▶ _Recorded information_:

------------------------------------------------------------------------

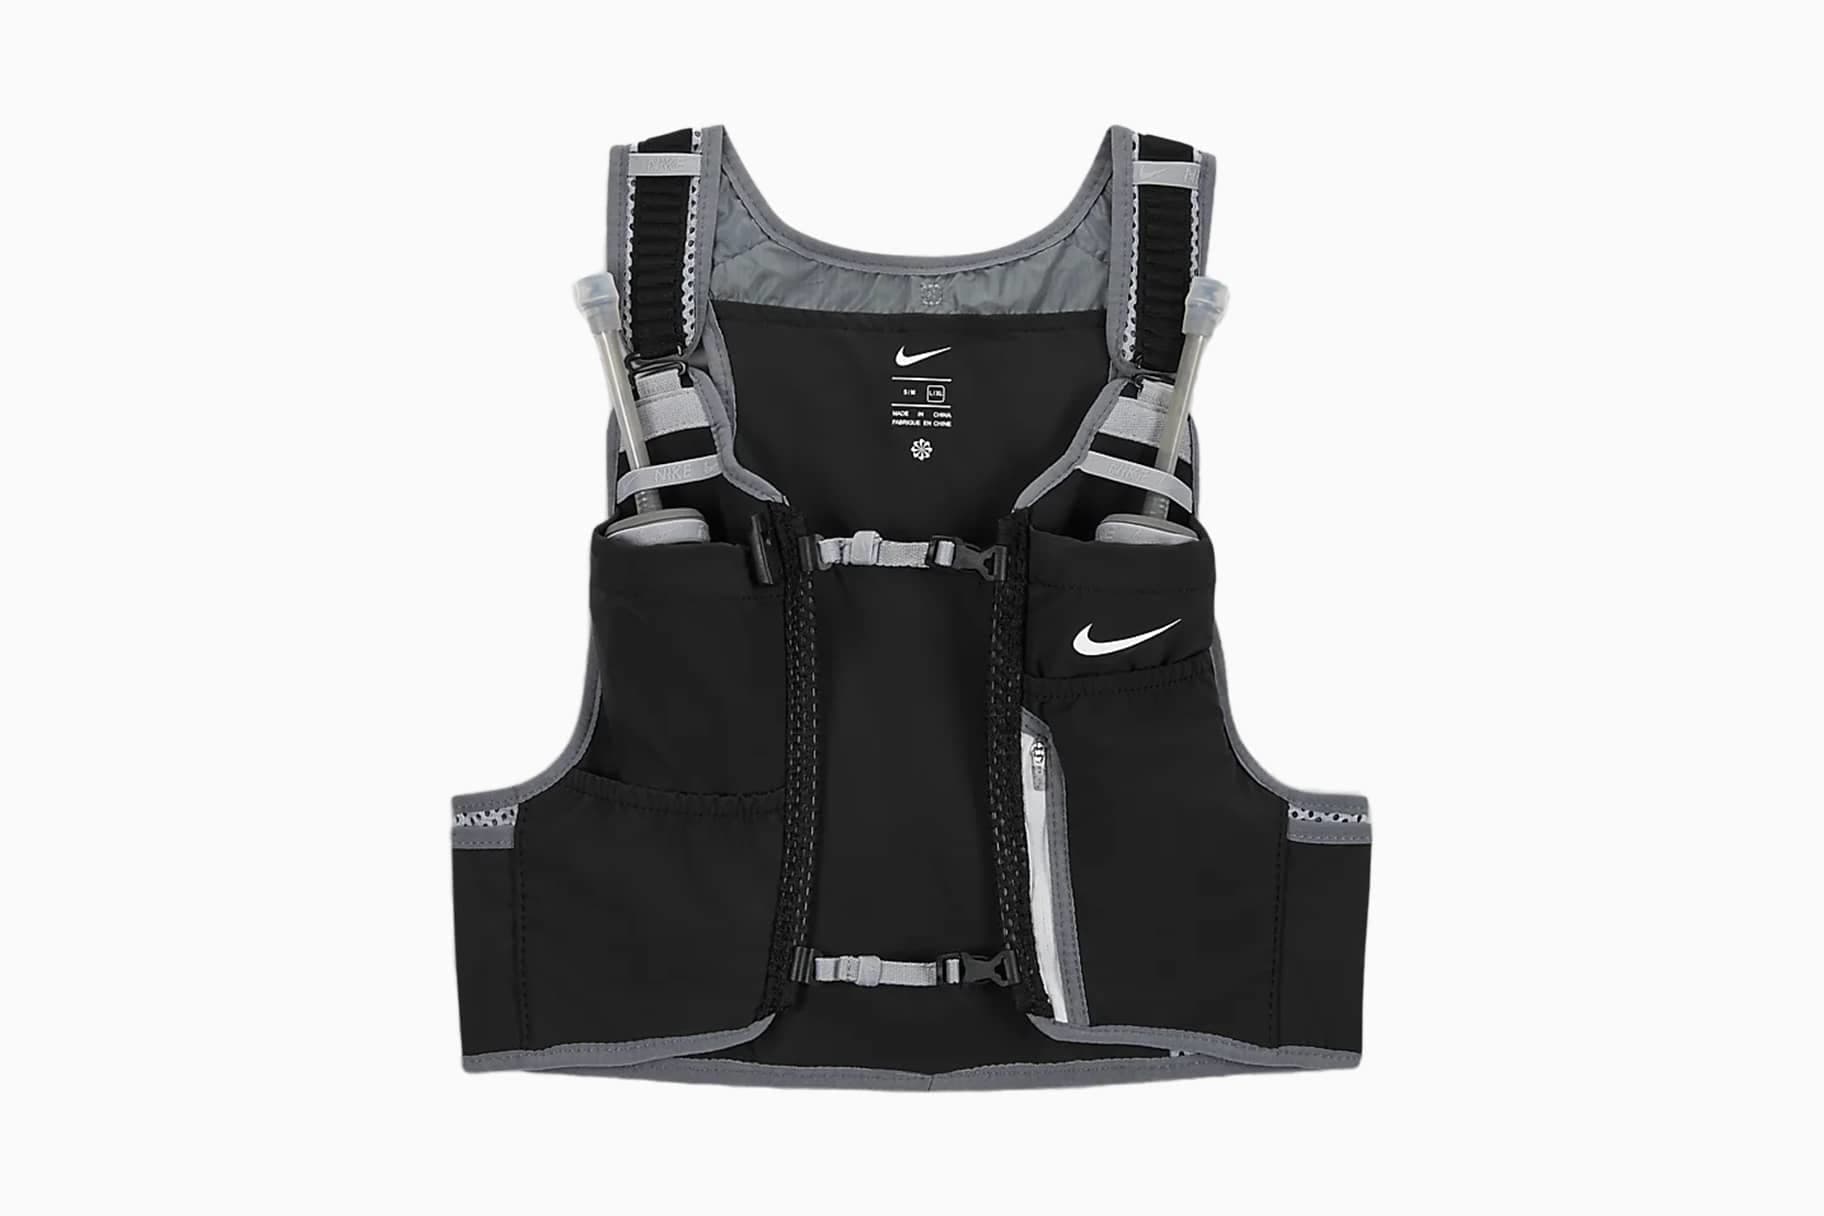 https://static.nike.com/a/images/f_auto,cs_srgb/w_1920,c_limit/e9a2495b-fc90-4b7d-aa8d-dadab35cf6ae/best-nike-running-hydration-belts-and-vests.jpg
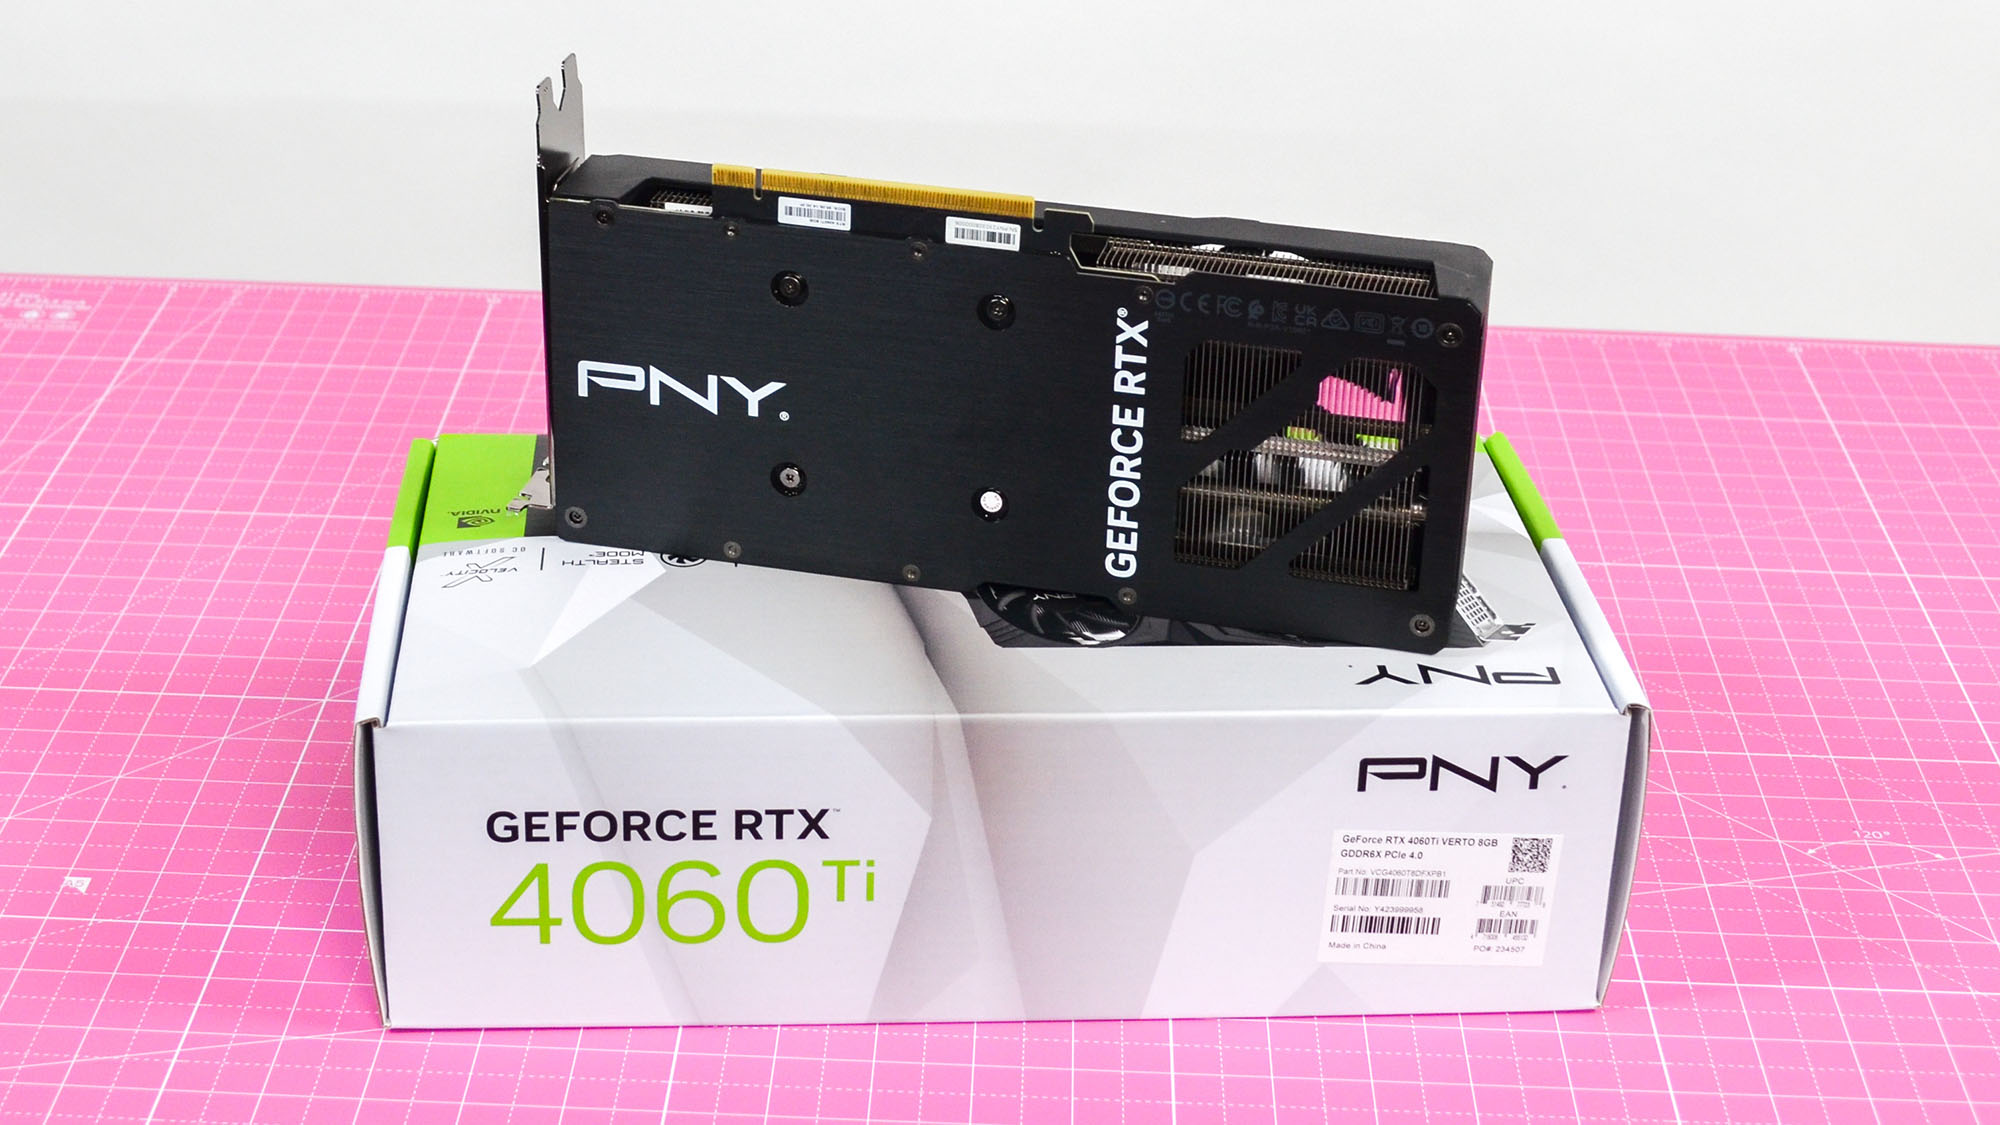 A PNY GeForce RTX 4060 Ti on a desk with a pink desk mat.
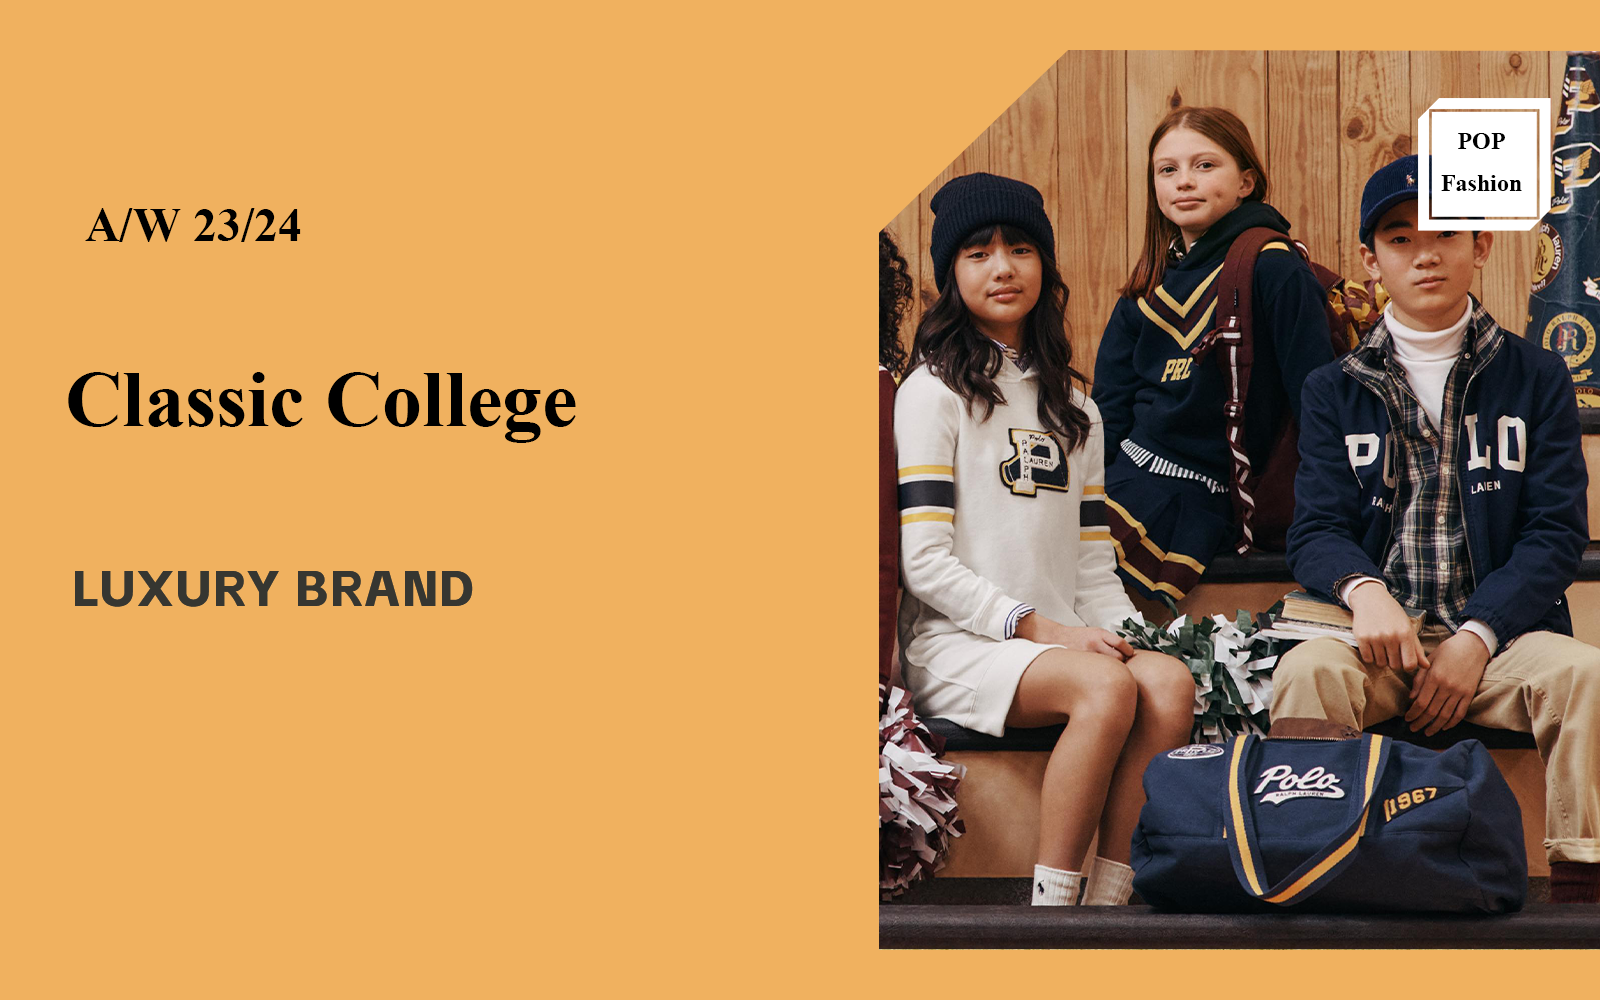 Classic College -- The Comprehensive Analysis of Luxury Brands
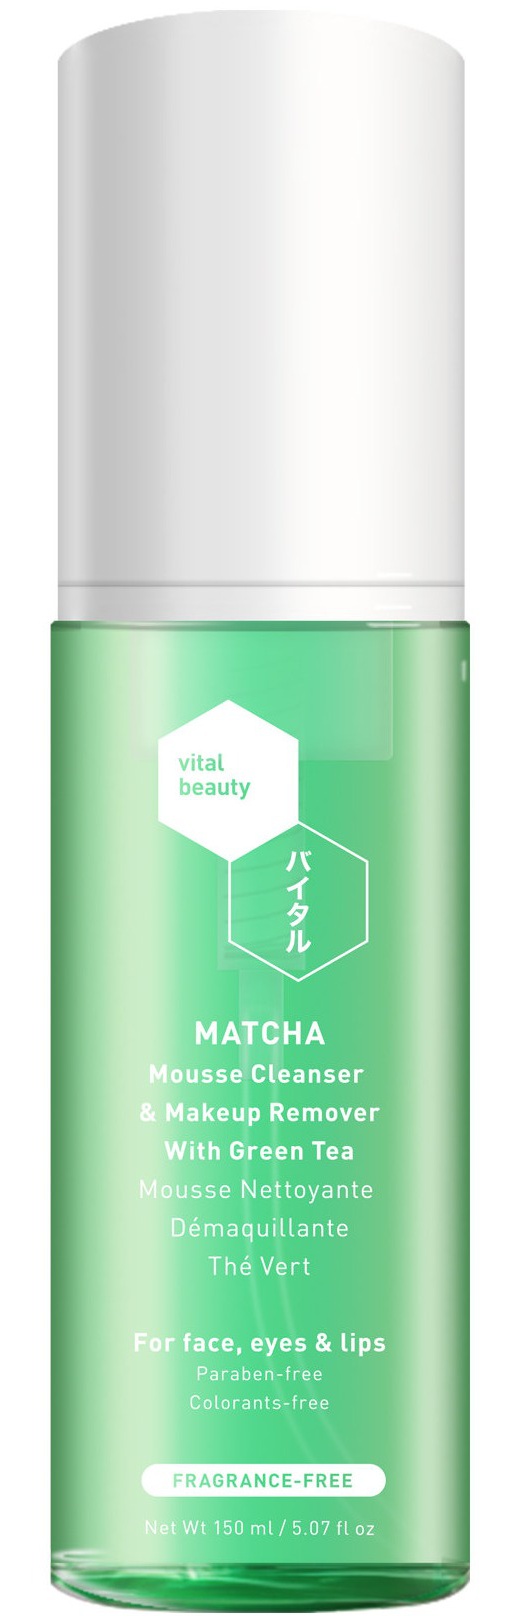 Vital Beauty Matcha Mousse Cleanser & Makeup Remover
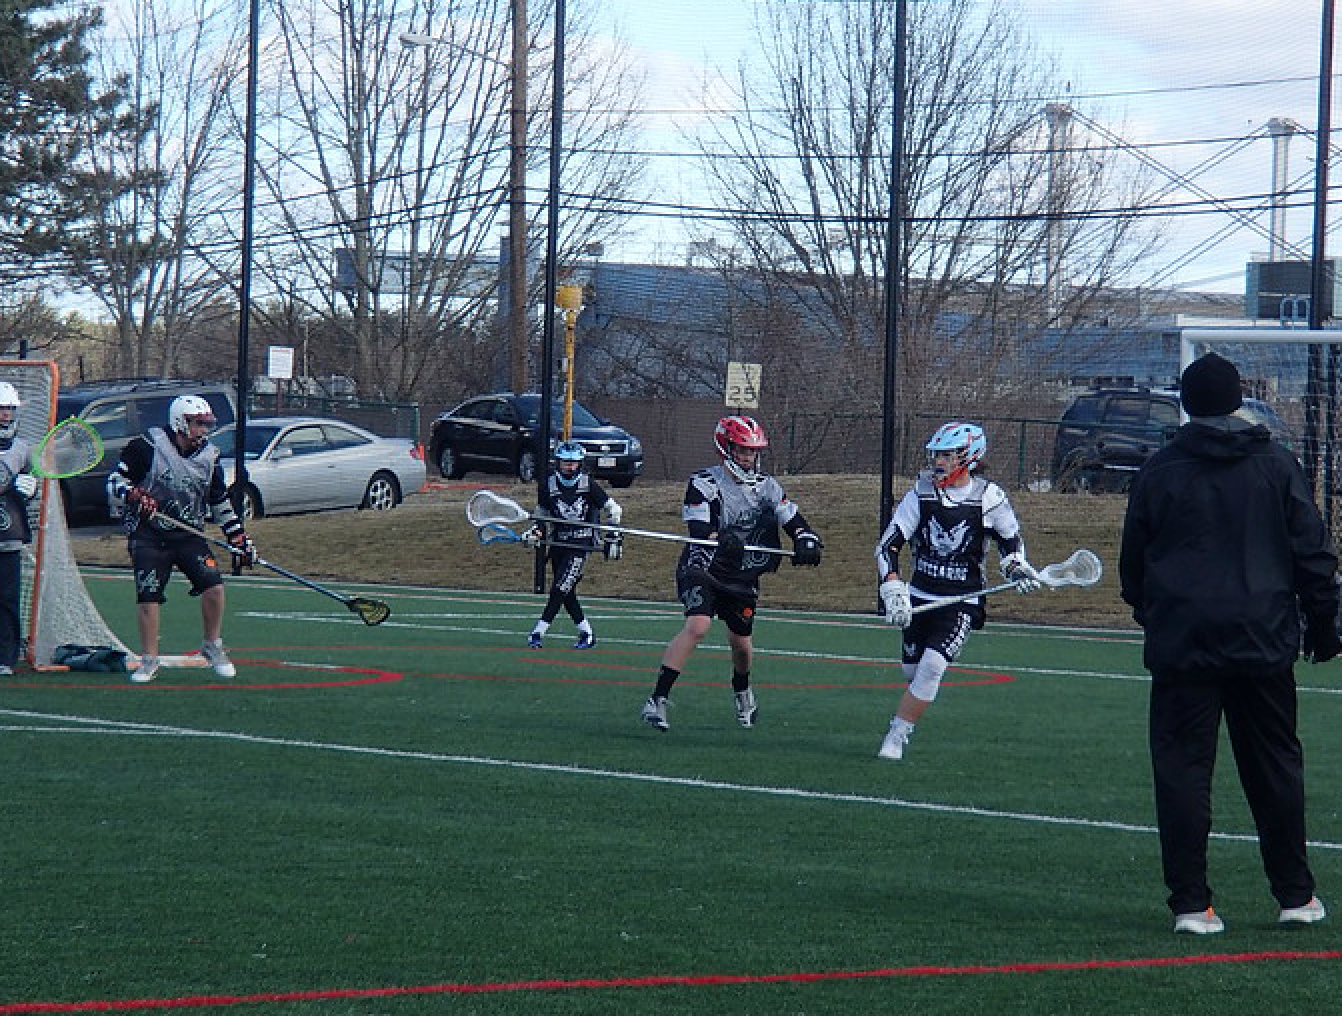 4 Leaf Lax Continues to Drive Fundraising/Registration for SFS Boston |Shootout for Soldiers

------------------------------------------------------------------------

▶ _What you need to do_:
Each record above needs to be transcribed word for word, with its pictures omitted.

▶ _The completed task_:
 https://static.nike.com/a/images/f_auto,cs_srgb/w_1920,c_limit/e9a2495b-fc90-4b7d-aa8d-dadab35cf6ae/best-nike-running-hydration-belts-and-vests.jpg
 A PNY GeForce RTX 4060 Ti on a desk with a pink desk mat.
 Classic College -- The Comprehensive Analysis of Luxury Brands
 Vital Beauty Matcha Mousse Cleanser & Makeup Remover
 4 Leaf Lax Continues to Drive Fundraising/Registration for SFS Boston |Shootout for Soldiers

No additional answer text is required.